Idonia paced to the mantel and paused just long enough to adjust a candlestick. “And I’m not the only one who feels that way. Paulette Morgan—you know Paulette—dispatcher over at the police department—anyway, she told me Opal’s brother was in there yesterday carryin’ on something terrible about what happened to Opal. The man’s no fool. He knows good and well it was murder.”

I wasn’t surprised. From what Terrance Banks had said when we spoke with him the day before, he was as determined to get to the bottom of this as we were.

“What else did they want to know?” I asked.

Idonia perched on the arm of a chair and spoke so softly I had to strain to hear her. “They asked where he got the locket.”

I leaned forward. “Where did he get it?”

“From some booth at a flea market in Charlotte.” Idonia flushed. “Oh, I know Melrose stretched the truth—okay, he told a whopper about it being a family heirloom and all, but he wanted it to be special, you see. He had no idea it had belonged to the Tanseys’ daughter.”

“And to Opal’s family before that. I’m surprised Opal didn’t mention it to him,” Ellis said. “Didn’t he show it to her?”

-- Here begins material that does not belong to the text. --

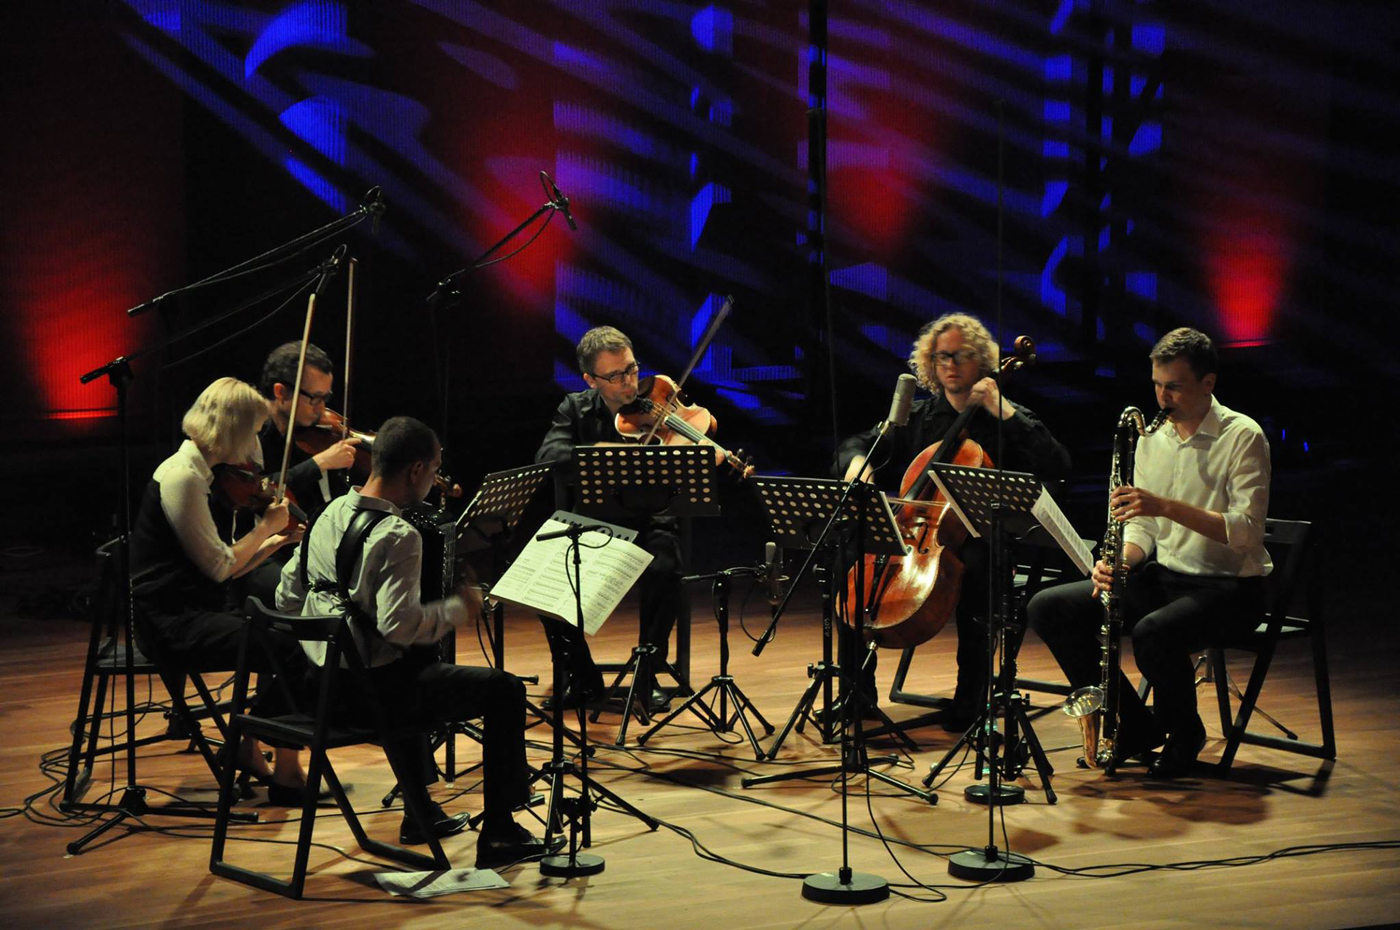 Hear The Dybbuk | Jarosław Bester & Marcin Malinowski & NeoQuartet

Idonia nodded. “Told him her grandmother or somebody like that—had had one just like it. She wanted to know where he got
it, but of course he didn’t want to admit it came from a flea market. Silly man! Didn’t he know it wouldn’t have mattered to me where it came from?”

Idonia turned away, I thought to hide her tears, but she stood and spoke with new resolve. “I want to speak with Al Evans. When Melrose disappeared after Opal died the police took a box of his belongings from the Spring Lamb. They turned it over to Al after they looked through it since he’s his closest kin. I’d like to know what’s in there.”

Ellis grinned. “Lucy Nan thinks Al’s been hiding Melrose. Thought they were in cahoots together.”

“I did not!” I shot her a dirty look.

“Did, too! After Opal’s funeral you wanted us to follow that poor man home. You know you did, Lucy Nan.”

“Well … I thought he might know where Melrose was,” I admitted.

“I wish he did,” Idonia said, “but there might be something in the notes Melrose made that would give us an idea where to find him. I know he kept a notebook from that correspondence course he was taking. It’s got to be in there.”

I remembered what Idonia had said about Melrose taking a course in detective work and offered to bring her the box.

“I’ll come with you,” she said.

“Idonia, if Nathan wakes from his nap and finds you gone, I won’t be responsible for what he might do,” I told her. “If you’ll call Al and tell him we’re on the way, we’ll be back before you can say, John Robinson.”